ISTOÉ – Qual o perfil do médico emergencista no Brasil?
Agnaldo Píspico

Nós não temos médicos especialistas em emergência no Brasil. Não há residência específica nessa área. Hoje, começamos a ver algum movimento das universidades para tornar a emergência uma especialidade. O que temos por enquanto são médicos que fazem, por exemplo, cirurgia geral e dão plantão em emergência. Por isso, o perfil do profissional que trabalha em emergência é o de um apaixonado pelo que faz. Ou, então, é um médico que não tem consultório, trabalha no pronto-socorro, ganha pouco e tem pouco treinamento. Isso é muito ruim para a população. Muitos médicos, quando resolvem trocar de carro, vão dar plantão na emergência. Mas costumo dizer que emergência não é bico.

ISTOÉ – Para você qual a principal diferença entre o médico emergencista e o clínico?
Agnaldo Píspico

A adrenalina. O médico de emergência não pensa para agir.
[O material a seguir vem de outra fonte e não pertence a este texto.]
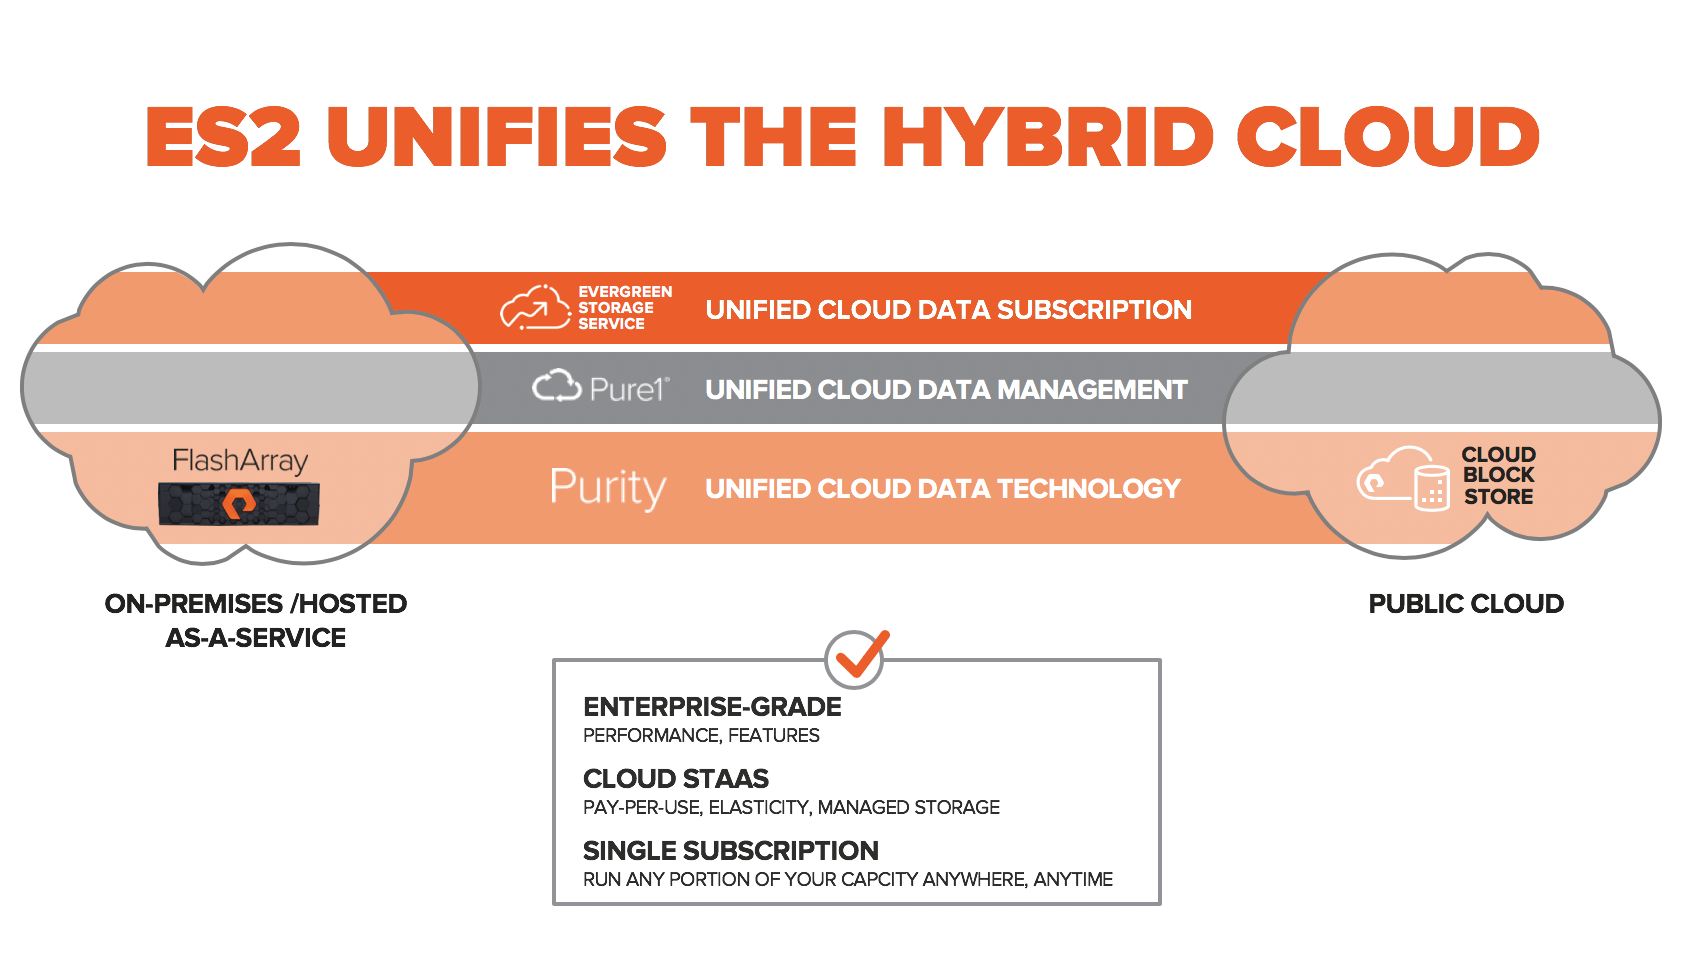 ES2 Unifies Storage in the Hybrid Cloud

Quando há um acidente, por exemplo, passa um filme na sua cabeça de tudo que você tem que fazer. Você age por reflexo. Tudo já tem que estar na cabeça e é por isso que tem que treinar, treinar. E com o tempo a equipe começa a ficar redonda, a agir em conjunto. É como se fosse uma orquestra. O emergencista tem de estar disponível a qualquer hora, em qualquer lugar. Tem de sair correndo da cama, do restaurante, de onde estiver. Significa até cair na escada de casa porque “voou” para salvar vidas.
 

ISTOÉ – Qualquer hora é hora na sua profissão?
Agnaldo Píspico

Sim. Por exemplo, os jogos da Seleção Brasileira são um sonho para mim. Nas últimas três Copas, tive de atender emergências justo nas decisões. Um monte de gente infarta durante a partida. Só na final Brasil e França (em 1998) ninguém infartou. Mas, em compensação, no jogo Brasil e Holanda, que teve pênaltis, tive de correr para atender duas ocorrências.